Given the functional $F:H^1(0,1)\cap \left\{f(0)=a, f(1)=b\right\} \rightarrow \mathbb{C}$
such that $$F(g):= \int_0^1 g(x)f(x)dx.$$
where $f$ is a fixed $H^1$-function. I would like to find an upper bound for the minimizer of this function in $H^1$-norm such that $F(g)=c$ where $a,b,c$ are fixed real constants.
If anything is unclear, please let me know.
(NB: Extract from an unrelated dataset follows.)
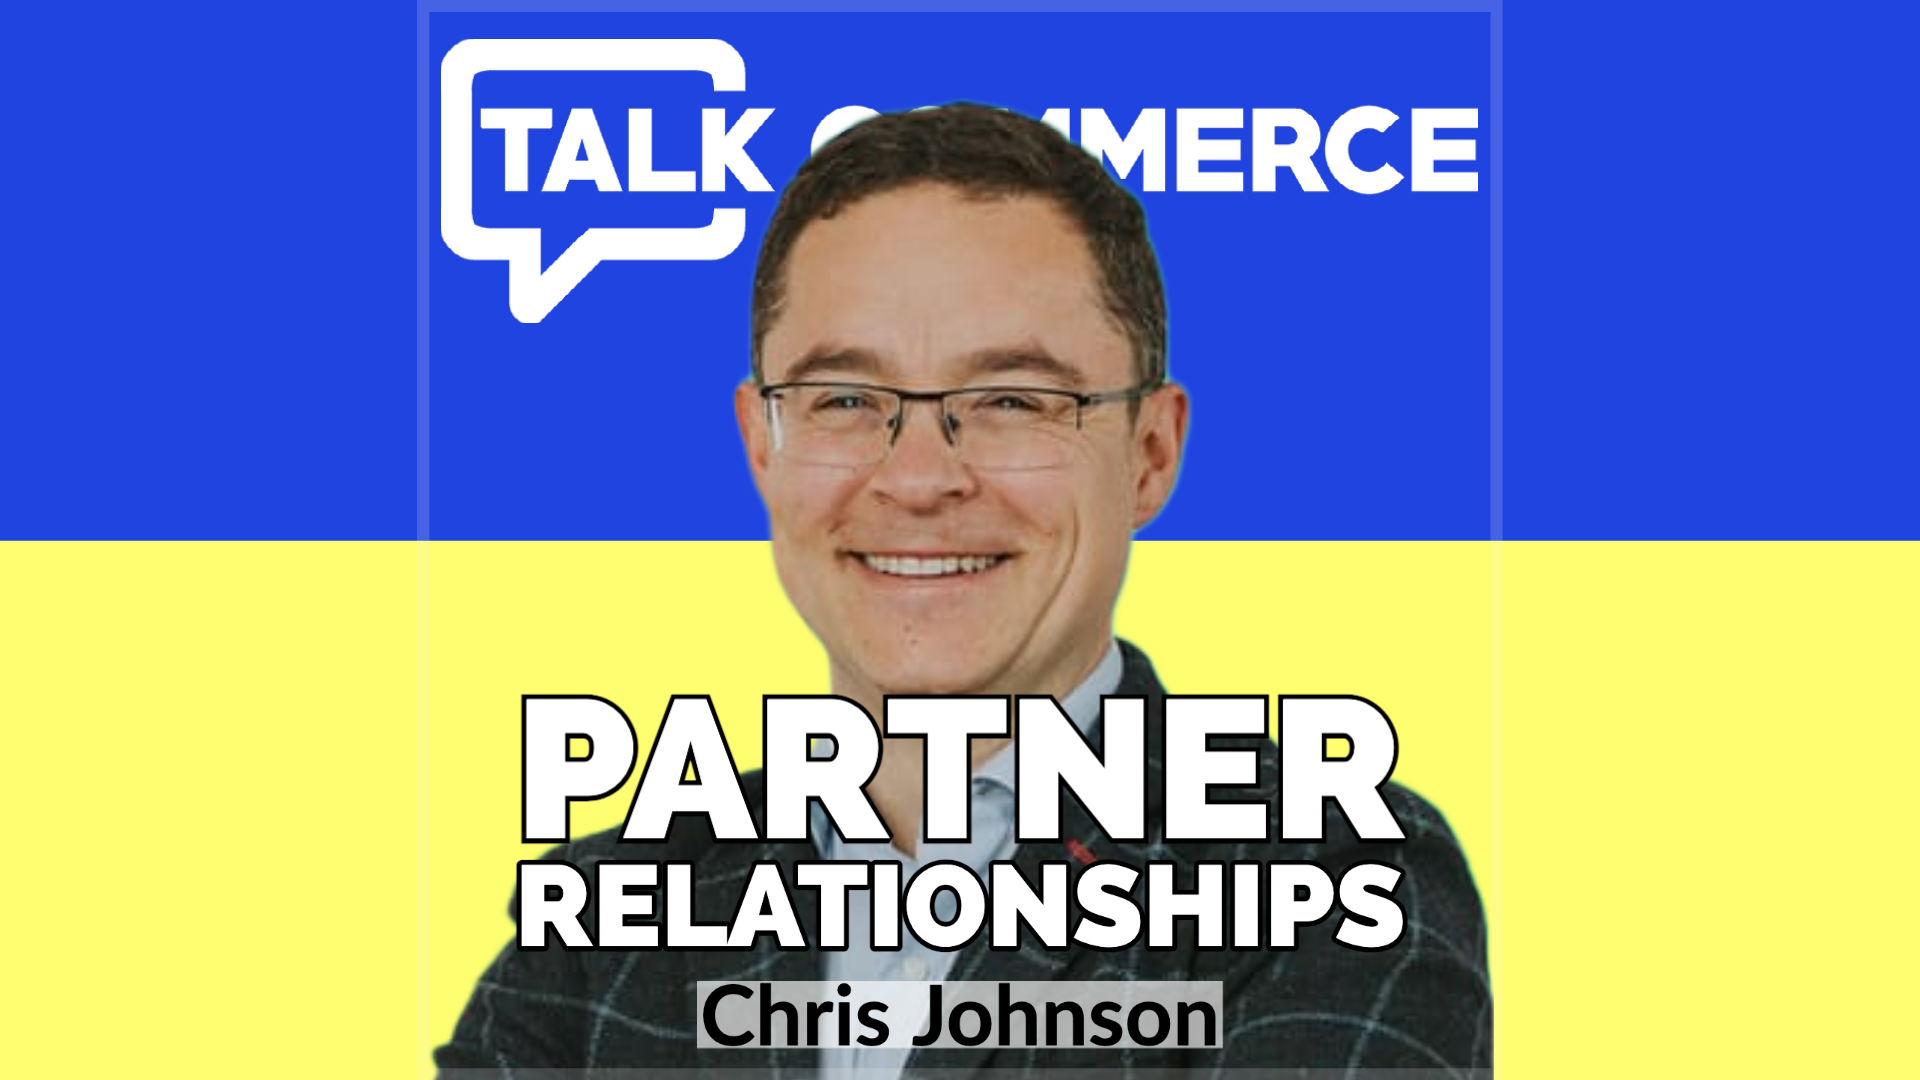 Talk-Commerce Chris Johnson
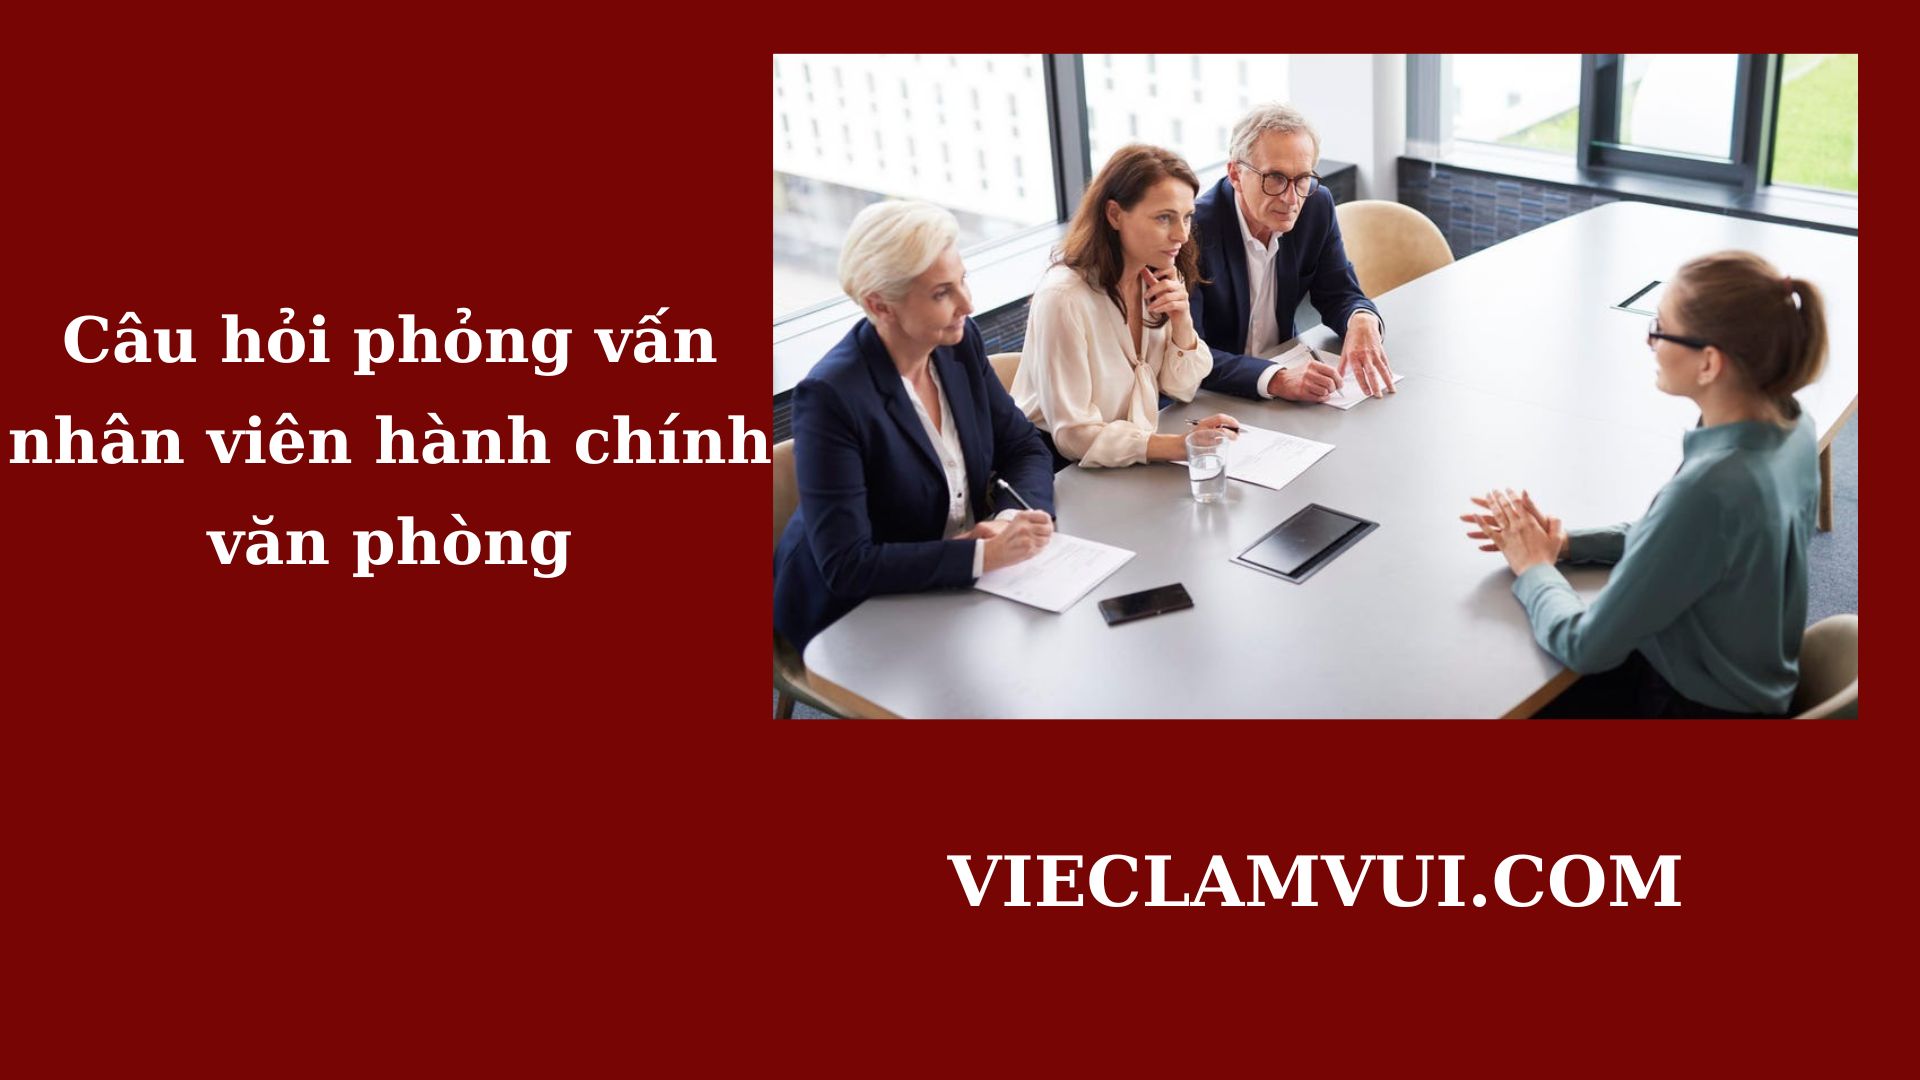 Câu hỏi phỏng vấn nhân viên hành chính văn phòng - ViecLamVui

You can actually find the minimizer using Lagrange multipliers (in the infinite dimensional case) Lagrange for Banach. Miniminizing $\Vert g\Vert_{H^1}$ is the same as minimizing $\Vert g\Vert_{H^1}^2$, so using Lagrange multipliers, you are finding critical points of $$ H(g)=\Vert g\Vert_{H^1}^2+\lambda \left(\int_0^1 fg\,dx-c\right).$$ If you differentiate, that is, given $h\in H^1_0$ you consider the derivative of the function of one variable $p(t)=H(g+th)$, you find $$0=p'(0)=\int_0^1(2g'h'+2gh+\lambda fh)\,dx.$$ If $g$ is smooth, then you can integrate by parts to get $$0=\int_0^1(-2g''+2g+\lambda f)h\,dx.$$ Since this is true for all $h$ you find that $$-2g''+2g+\lambda f=0.$$ This is a linear differential equation. You can solve this using variations of parameters (see here second order ode)